Many program turnarounds are keyed by a breakout star — and often one that the bigger schools overlooked.
Drake just might have found that guy in sophomore guard Reed Timmer.
Timmer is exactly the kind of player Giacoletti hopes to build his teams at Drake with; a prolific Midwestern high school player undervalued by high-major programs.
Timmer, who scored over 2,000 points for Eisenhower High in New Berlin, Wisconsin, was one of just 15 freshmen nationally with at least 11 points and 2.5 assists per game a year ago. He also averaged 15.6 points in his last 10 games, including a 25-point outburst at Southern Illinois.
Timmer will be joined in the backcourt by Penn State transfer Graham Woodward, sophomores C.J. Rivers and Ore Arogundade and Karl Madison, the only senior on the roster.
"Last year...coach (Giacoletti) was telling me, 'Get your feet wet. Get your experience. Not much is expected,'" Timmer said. "But now it's come full circle and you realize this team has the capability of making a huge step."
Drake doesn't have a ton of depth in the frontcourt. It's an issue Giacoletti attempted to fix by signing four freshmen big men — though he'd like to redshirt as many of those players as he can so they can build up their bodies.

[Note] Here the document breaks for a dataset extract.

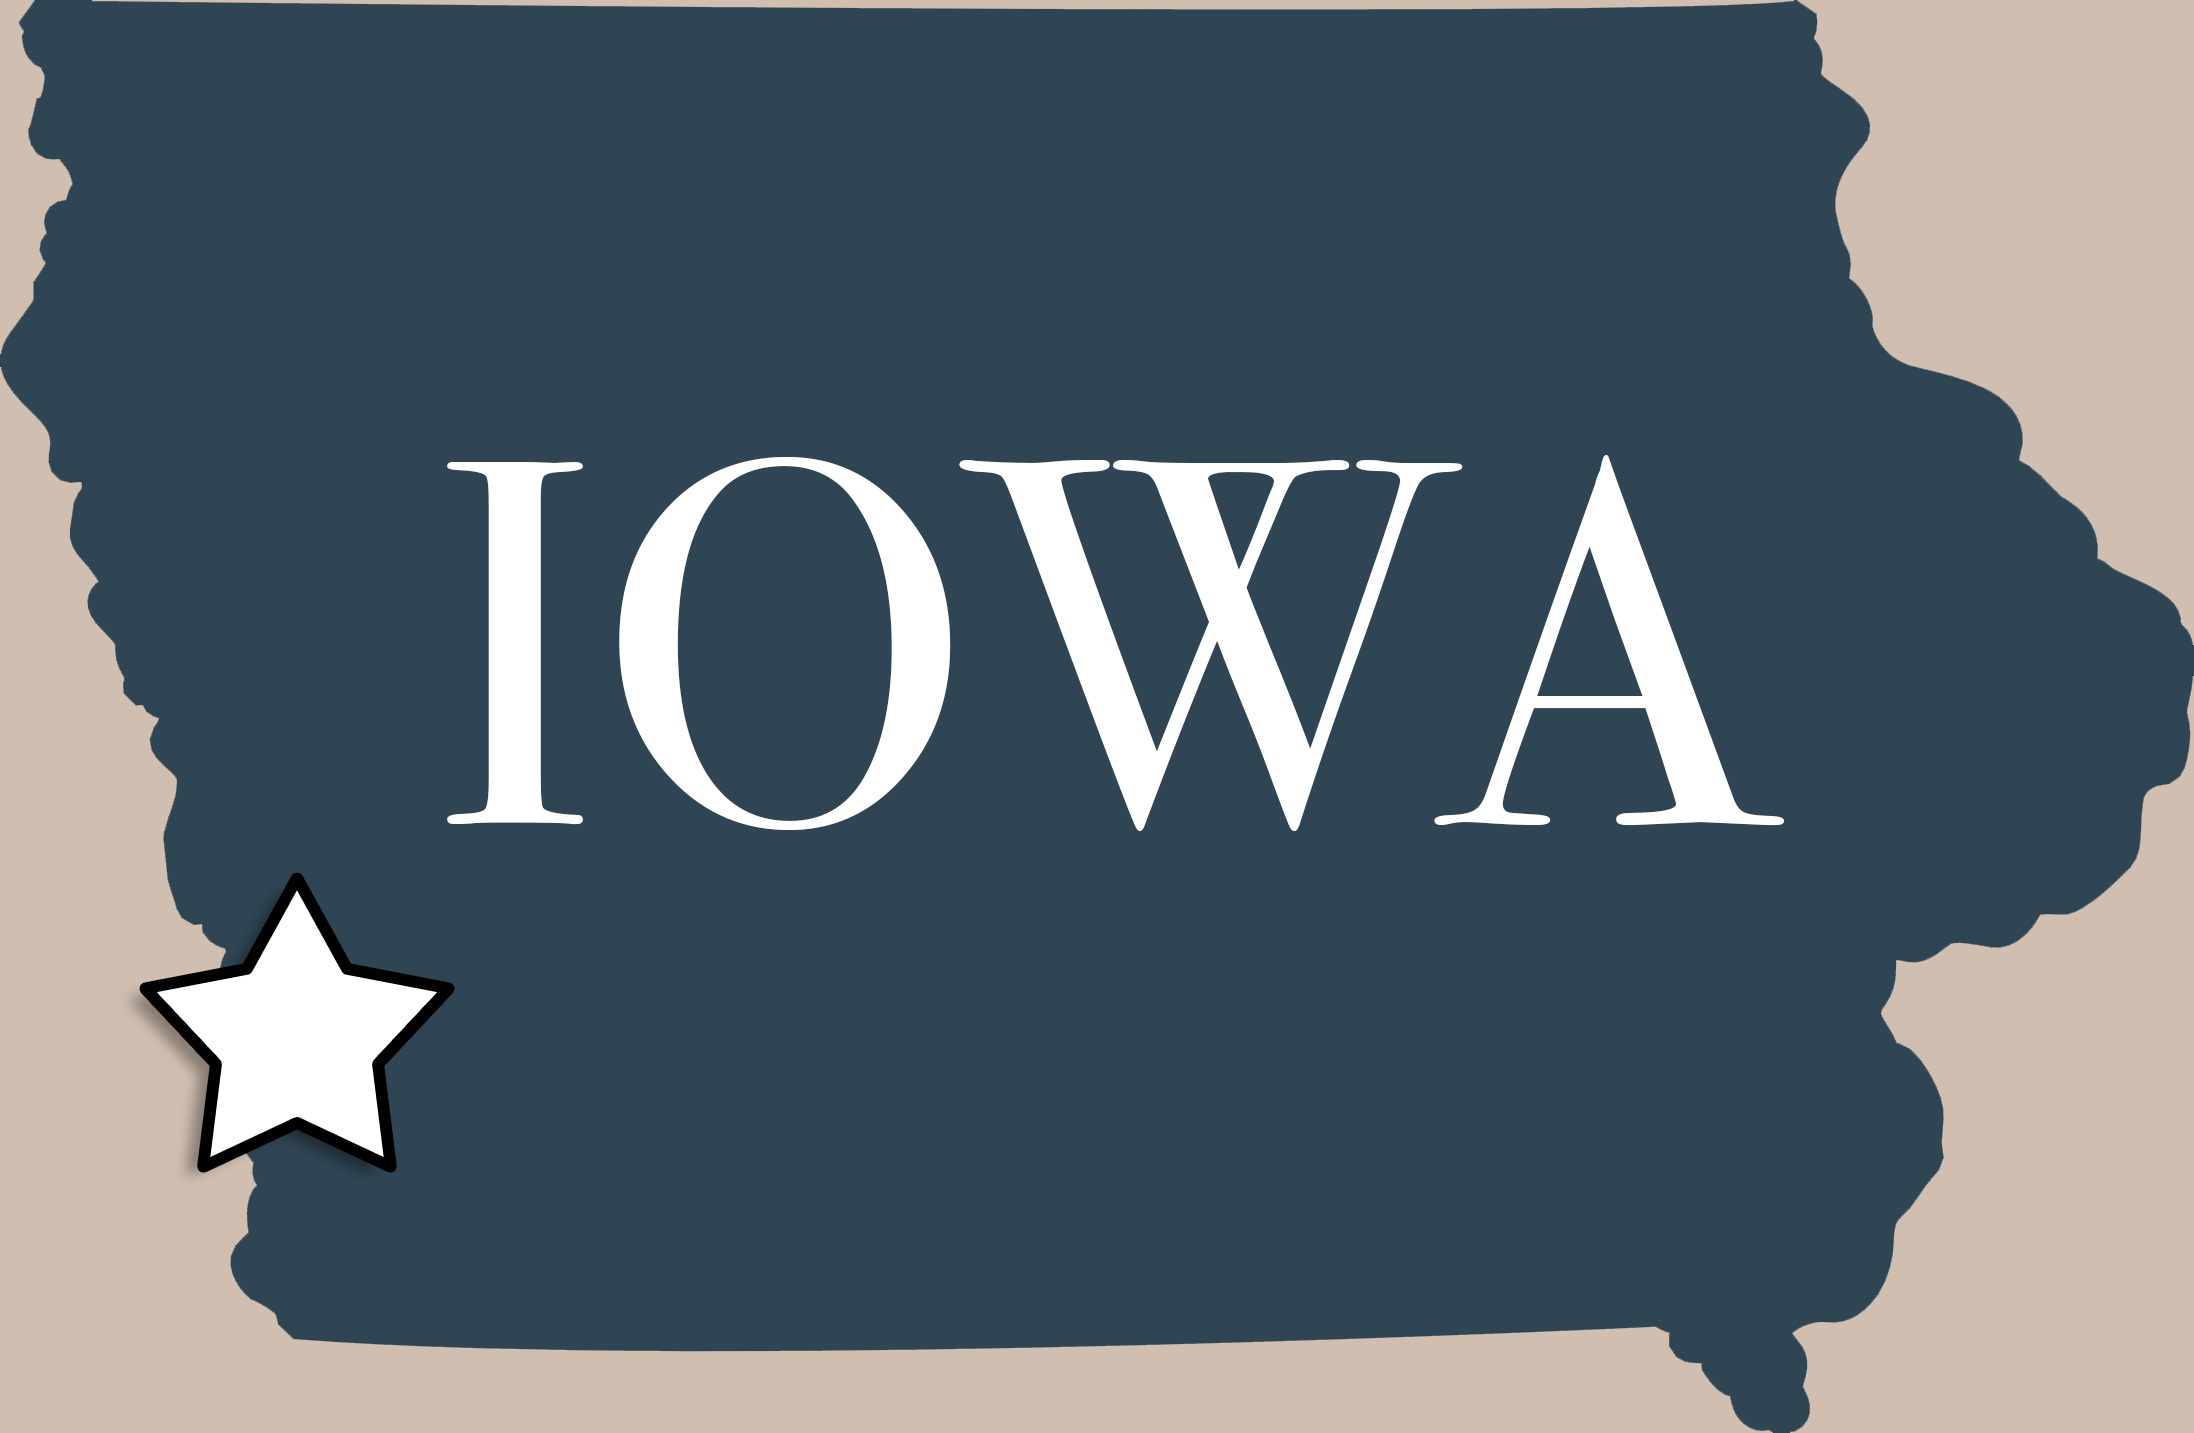 Iowa Map with Star on Pottawattamie County

That's why the Bulldogs will be asking for a lot from Jacob Enevold and Kale Abrahamson.
Enevold, a 7-foot center from Denmark, averaged 8.5 points and 5.8 rebounds and made the Valley's All-Improved team a year ago. Size was an issue for the Dane early in his career, but he's up to nearly 250 pounds.
Abrahamson, a 6-foot-8 forward from nearby West Des Moines Valley High, scored 4.9 points per game for the Wildcats before choosing to transfer closer to home.
Polish freshman Dominik Olejniczak, who is 7-foot and 230 pounds, might have a chance to help this year as well if he continues to improve.
"I think you will see a huge jump with this team. Just talent level alone," Giacoletti said. "Selfishly, I hope we're pretty darn good out of the gate."